New Wave of DDoS Attacks Launched

Are Community Institutions Adequately Prepared?

By , March 6, 2013.
New Wave of DDoS Attacks Launched

Hacktivists have formally launched their third wave of distributed-denial-of-service attacks on U.S. banking institutions.

See Also: Data Breach Battle Plans for Financial Services

On March 5, Izz ad-Din al-Qassam Cyber Fighters announced on the open forum Pastebin that banks and credit unions should brace for ongoing attacks beginning March 6.

"During running Operation Ababil Phase 3, like previous phases, a number of American banks will be hit by denial of service attacks three days a week, on Tuesday, Wednesday and Thursday during working hours," hacktivists claim in their most recent post.

And while experts have warned institutions of all asset sizes to maintain strong online guards, this newest wave of attacks is just starting to garner serious attention from community banks and credit unions. That's because smaller institutions, such as University Federal Credit Union and Patelco Credit Union, were among those hit during the hacktivists' second wave of attacks.

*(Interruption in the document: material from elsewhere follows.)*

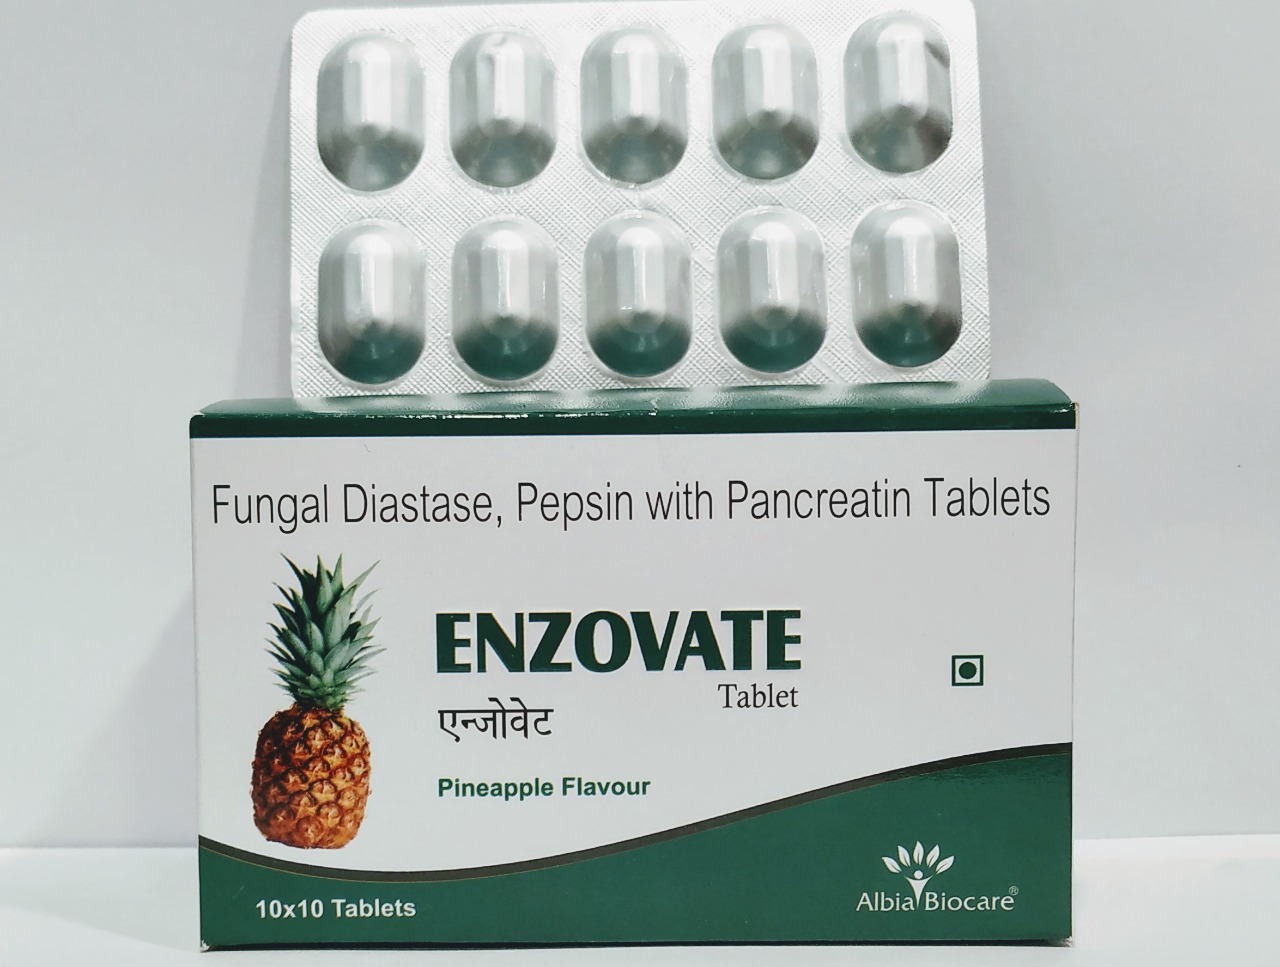 ENZOVATE Tablet | Fungal Diastase (1:1200) 10mg + Pepsin (1:3000) 5mg + Pancreatin 200mg

"The NCUA's warning has highlighted DDoS attacks as a concern worthy of consideration," says Richard Reinders, information security officer for Lake Trust Credit Union, a $1.5 billion non-profit institution based in Michigan. "It has provided needed attention to the issue, so the results from it so far are positive."

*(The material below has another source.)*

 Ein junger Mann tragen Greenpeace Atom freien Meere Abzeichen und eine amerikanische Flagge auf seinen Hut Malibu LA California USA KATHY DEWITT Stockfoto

Reinders is referring to a recent alert from the National Credit Union Administration, which notes that DDoS attacks are often waged as tools of distraction to conceal fraud. "Credit unions should voluntarily file a Suspicious Activity Report if an attack impacts Internet service delivery, enables fraud, or compromises member information," the alert states. "DDoS attacks may also be paired with attempts to steal member funds or data."

Mixed Messages?

Still, one Midwest community bank executive, who asked not to be named, says as recently as January, smaller institutions were getting mixed messages about their need for concern. While regulators and banking associations such as the Financial Services Information Sharing and Analysis Center had issued warnings about DDoS attacks linked to fraud, federal investigators suggested hacktivists' attacks were the primary worry, the executive says.

"We spoke with the FBI a couple weeks ago about DDoS attacks on community banks, and they basically stated that the smaller community banks have not, and most likely will not, be targeted by DDoS attacks," the executive told BankInfoSecurity in early February, shortly after Izz ad-Din al-Qassam Cyber Fighters announced plans to halt its attacks. "They didn't feel banks our size and smaller needed to spend a lot of time and resources on this issue."

That perspective, however, has evolved among some executives since late January, when the attacks shifted and mid-tier institutions were among the hacktivists' new targets.

Reinders says credit unions are heeding regulators' warnings. "Credit unions are definitely talking about it, but it seems there is some hesitancy to discuss specifically what they do at this point."

Phase 3

Experts say banking institutions should do more of the same to prepare for this newest wave of attacks. The lessons learned during phase one, which hit in September and October, taught the industry how to collaborate and brace. Strikes waged against them during phase two, which hit in December and January, were less tasking for that reason, says Rodney Joffe, senior technologist for online security provider Neustar Inc.

In addition to sharing information about the attacks suffered, financial institutions have been more closely collaborating with Internet service providers to scrub and block traffic. Some also have implemented measures to turn off access to certain parts of their online sites, such as search functions, when DDoS activity is detected. These precautions, and others, have helped ensure sites are not completely taken offline by an attack, experts say.